Companies curb AI expenses and address reliability as costs, hallucinations and regulations tighten
Tech firms and other enterprises have recognized that indiscriminate AI usage – dubbed "tokenmaxxing" – generated unexpectedly high expenses. Reports cite internal competitions at firms such as Meta that produced tens of billions of tokens, prompting costly over‑spending and, in some cases, workforce cuts. In response, a new practice called “modelmaxxing” is gaining traction: firms deliberately match tasks to the most cost‑effective AI model rather than defaulting to the most powerful one. Start‑ups offering model‑routing software are emerging to automate this selection.
At the same time, businesses are confronting the reliability problem of generative AI. Studies show that up to 35 % of AI‑generated answers contain false statements, with hallucinated facts appearing in legal citations and corporate reports, leading to financial losses and legal risks. German firms report that three‑quarters of data leaders have faced operational issues from AI hallucinations.

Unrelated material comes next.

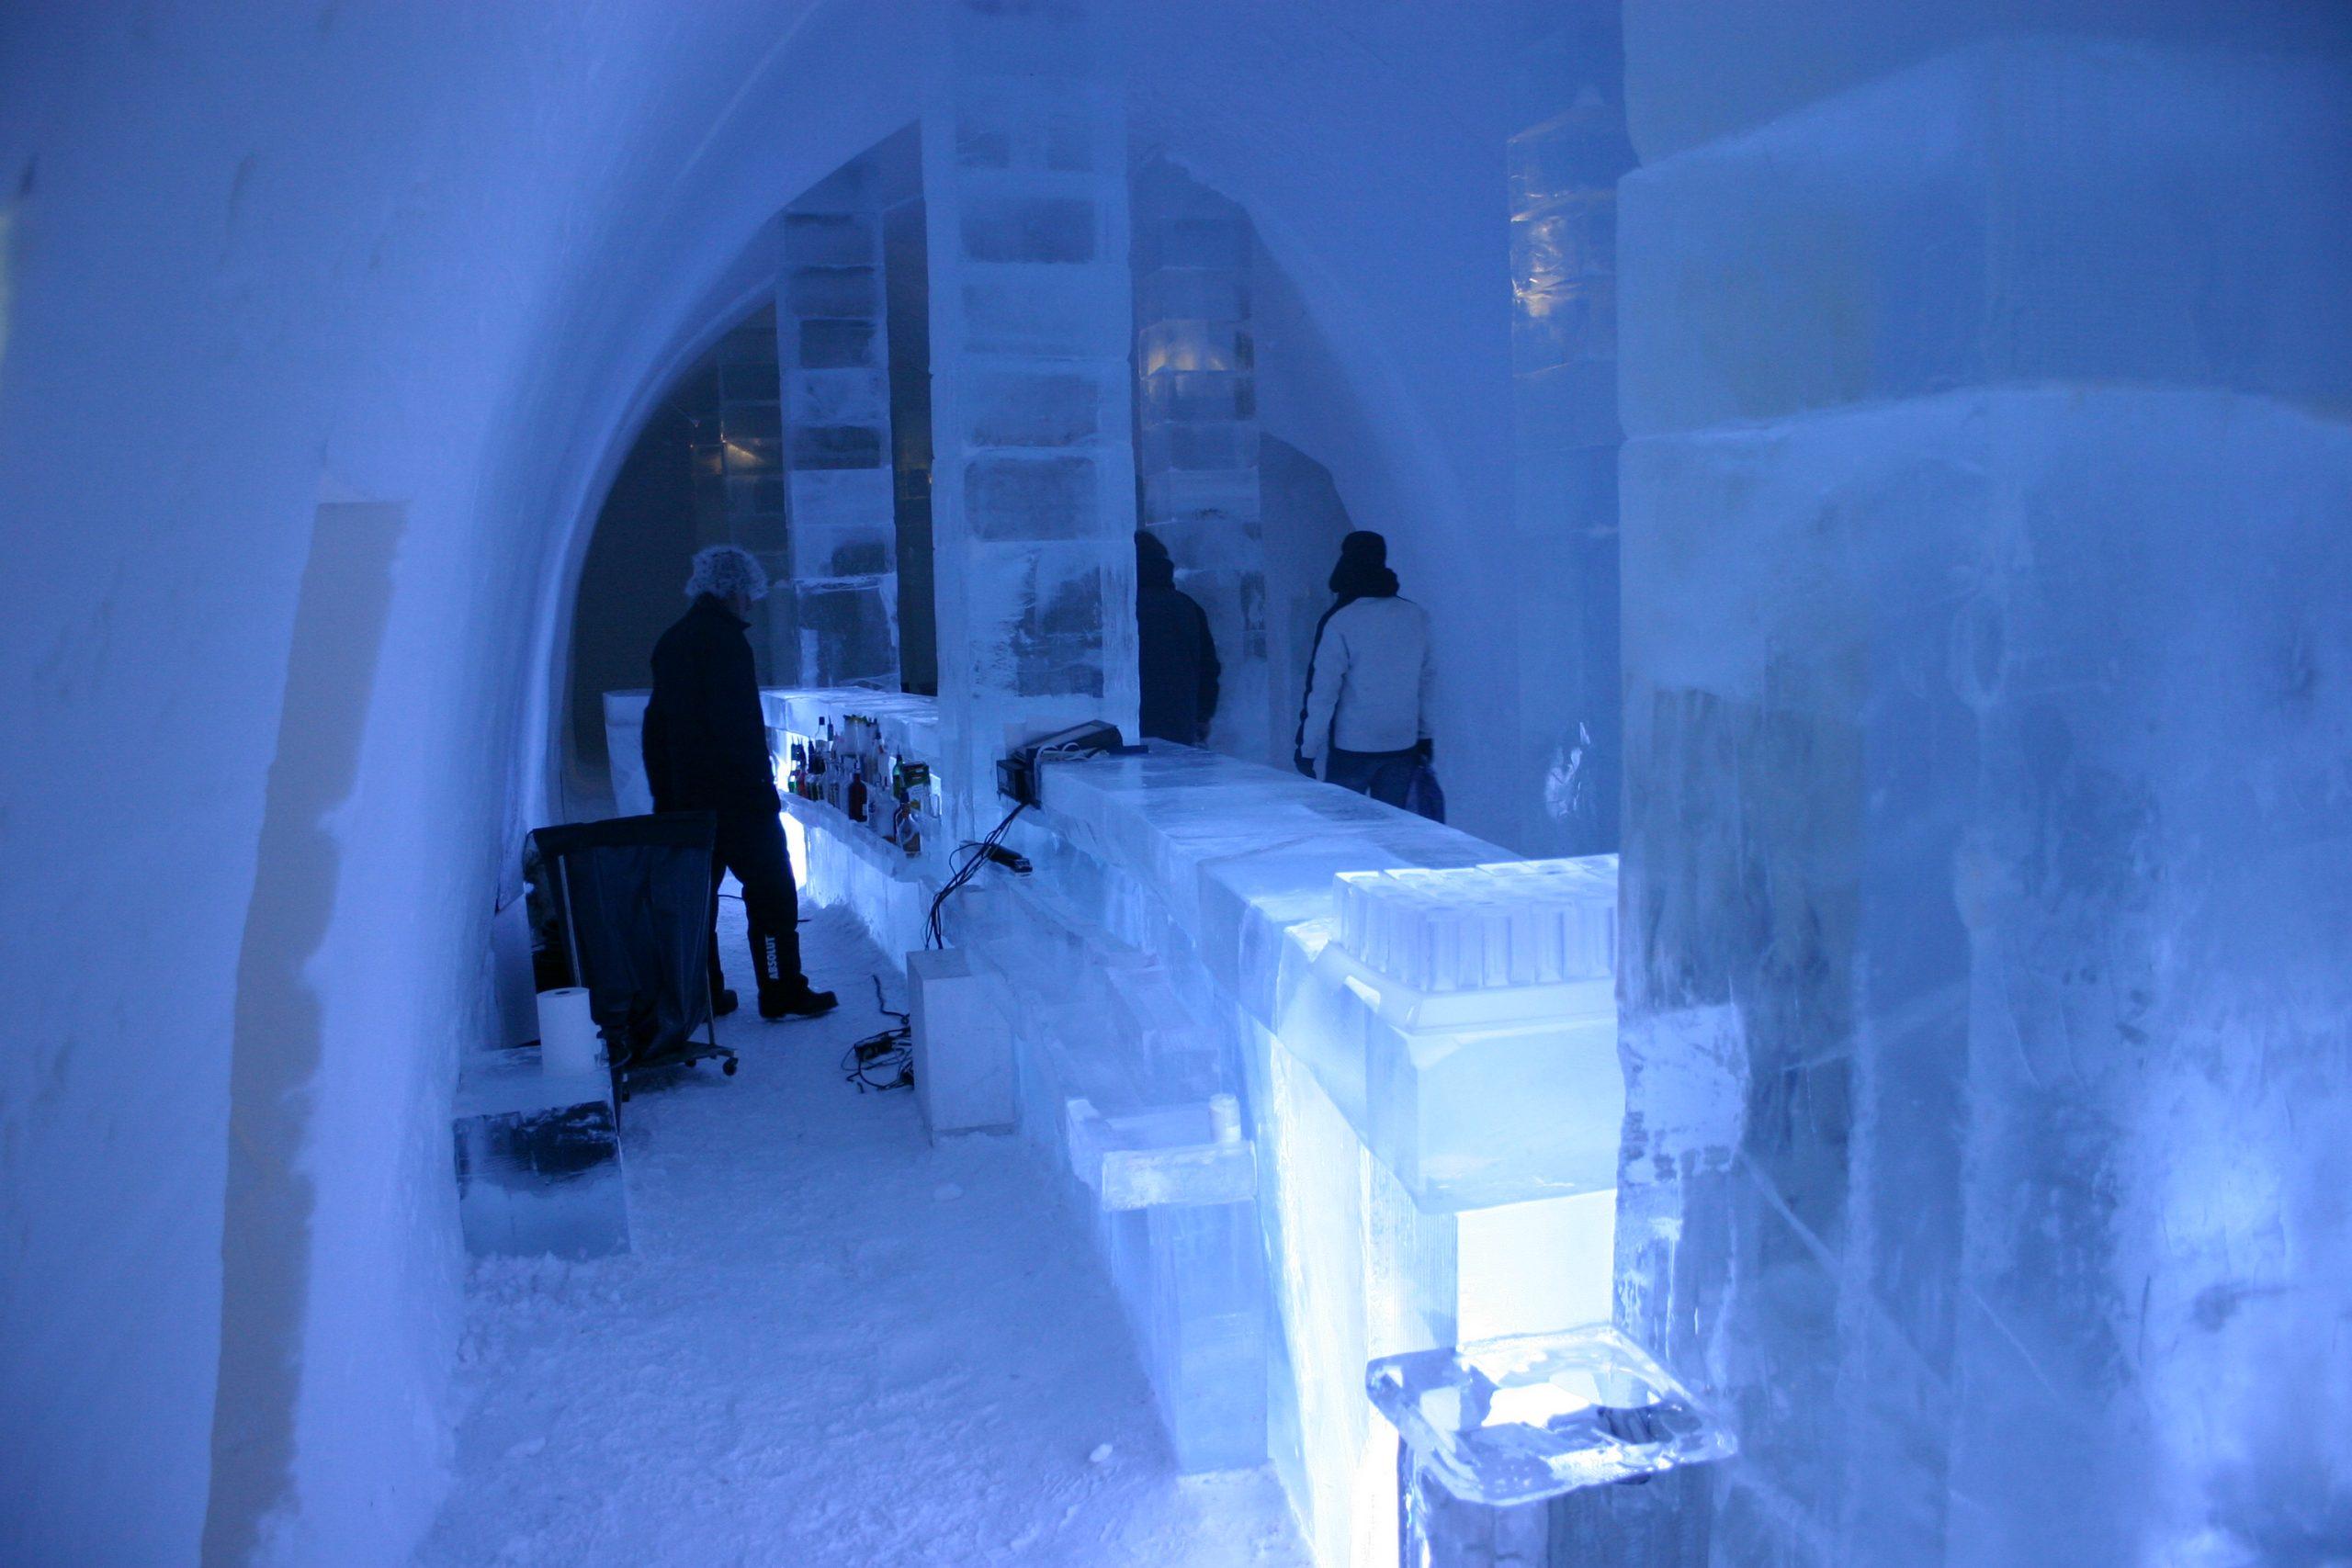 Kiruna and IceHotel of Jukkasjärvi: Popular Place to Visit in Sweden
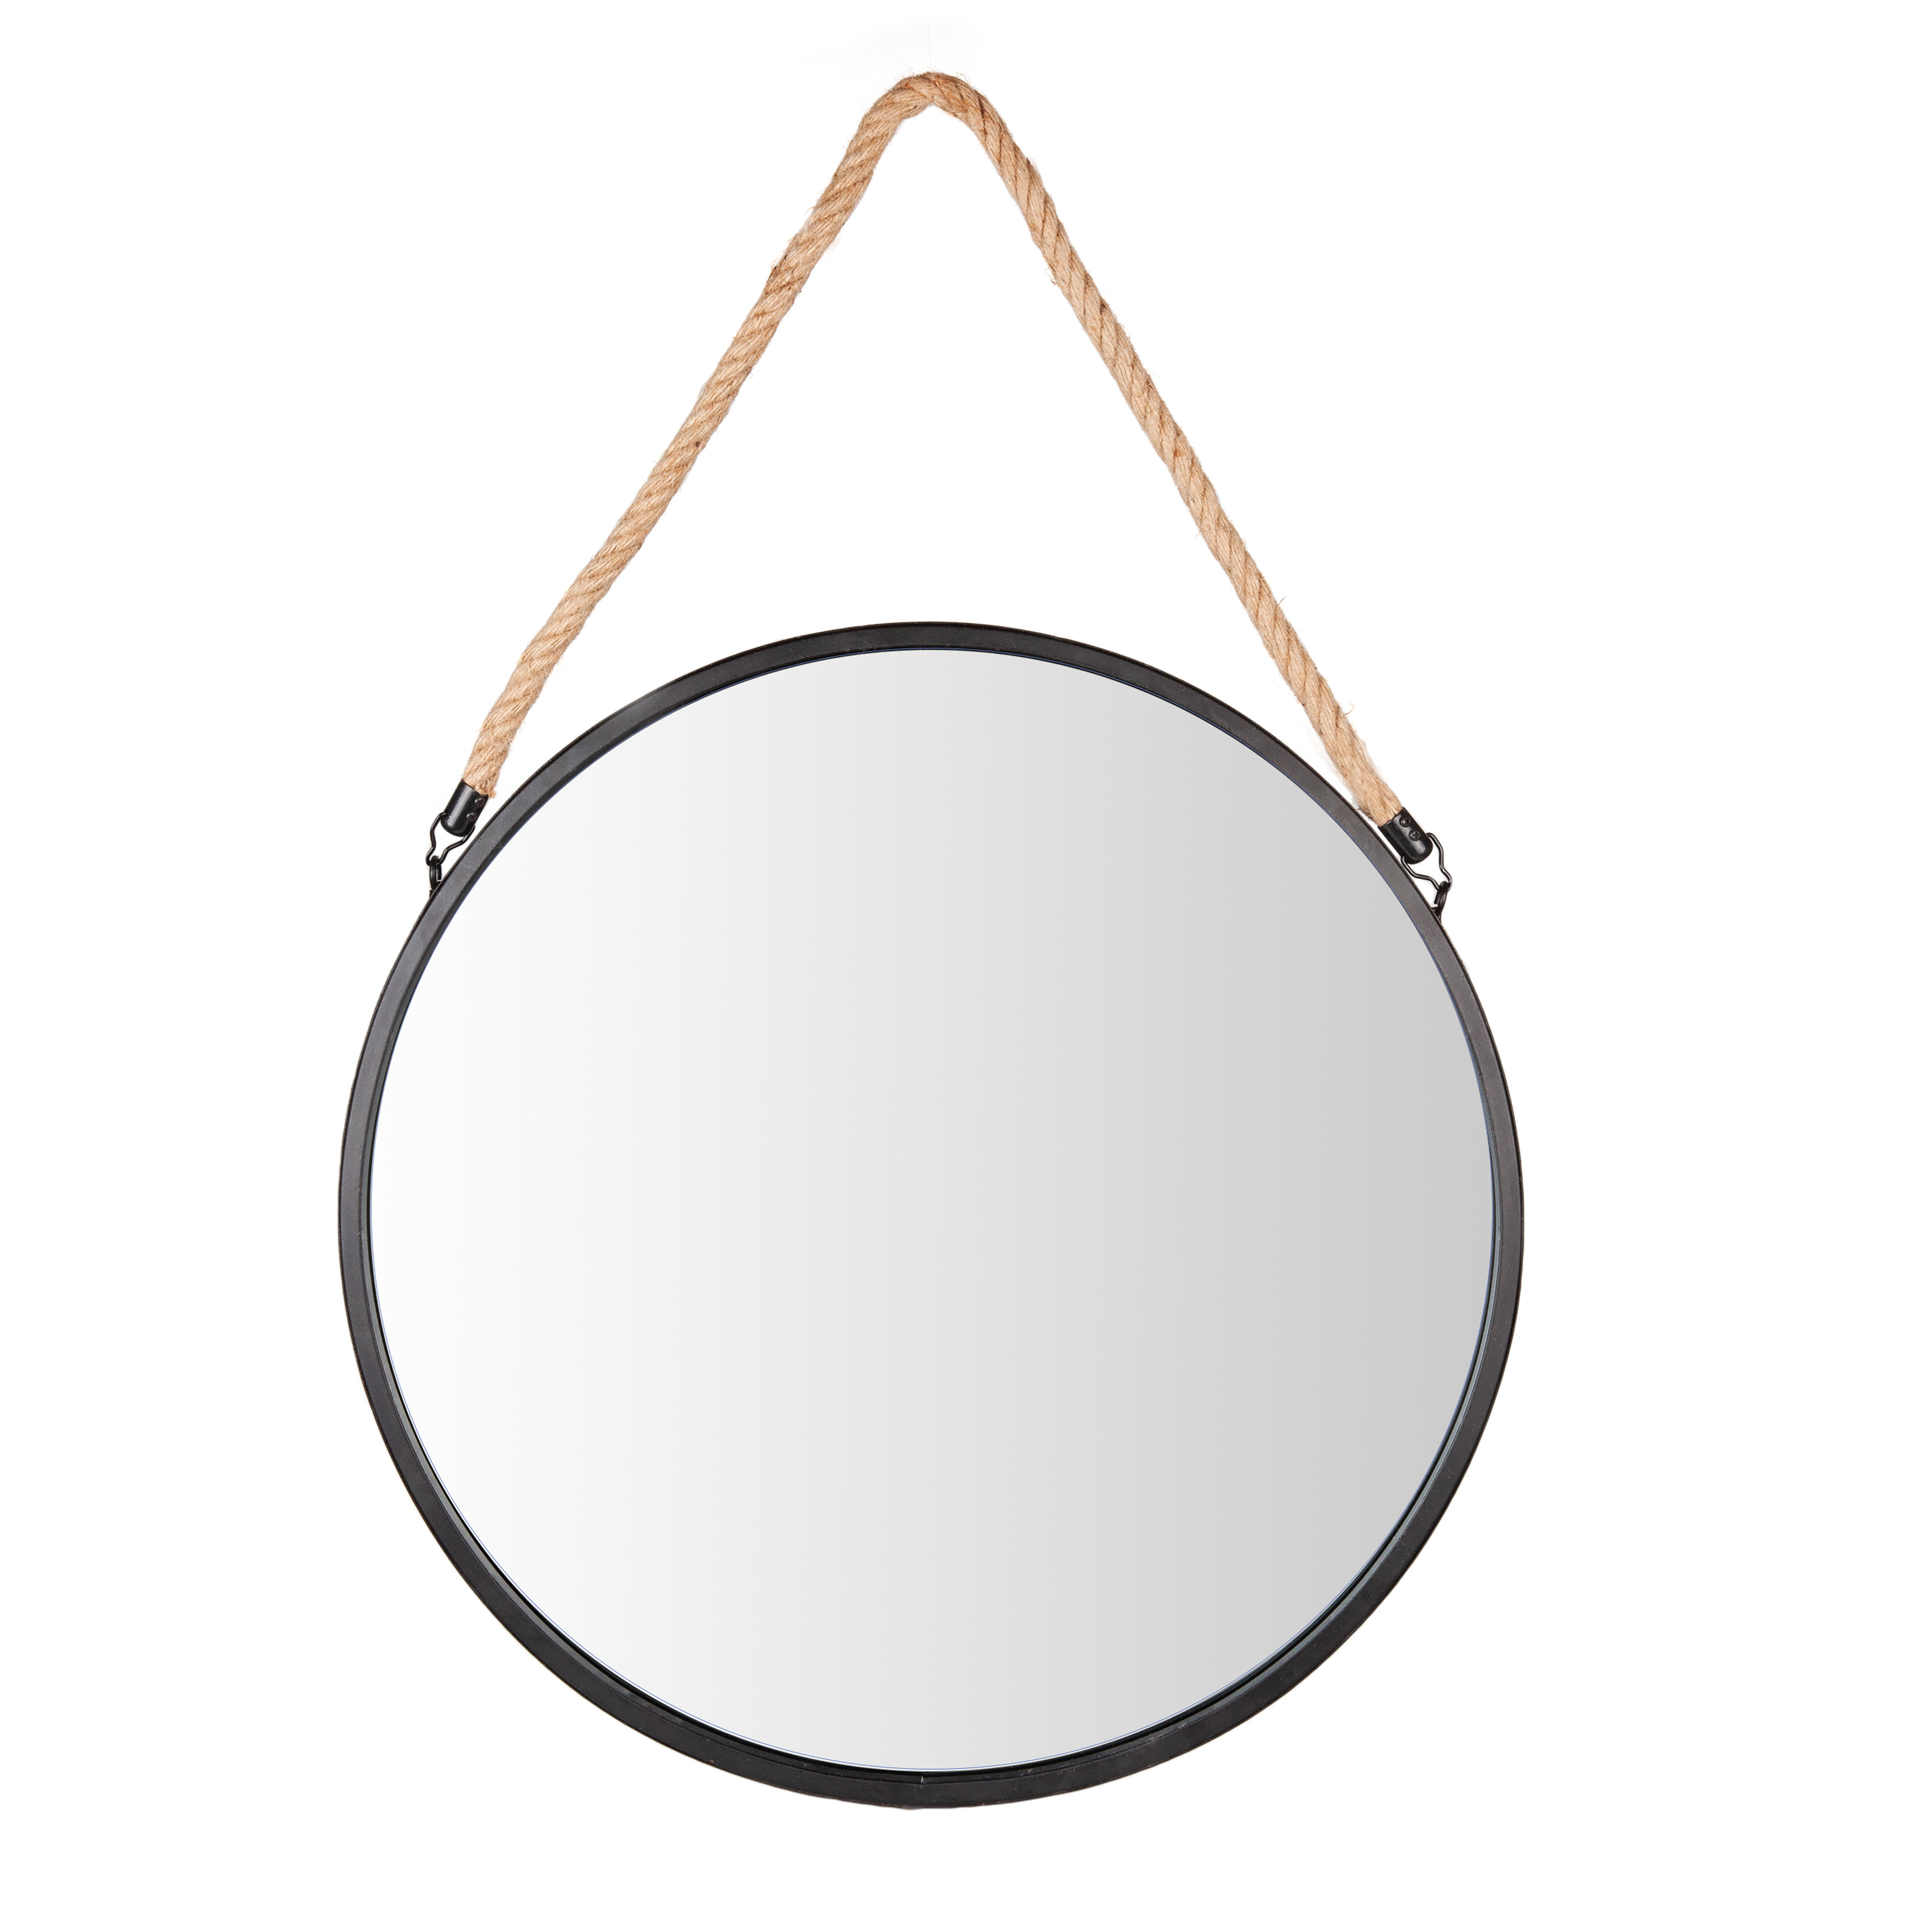 Rumfelt Decorative Round Metal Wall Mirror With Regard To Newest Decorative Round Wall Mirrors (View 20 of 20)

Regulatory pressure is building as the EU AI Act moves toward full enforcement in 2026, requiring high‑risk AI systems to undergo safety certification by notified bodies before market entry. Companies must now plan for either self‑assessment or external conformity evaluation, adding another compliance layer.
The evolving landscape also includes privacy‑focused offerings such as Proton’s Lumo chatbot, which emphasizes zero‑access encryption and user‑controlled data retention, reflecting growing demand for trustworthy AI tools.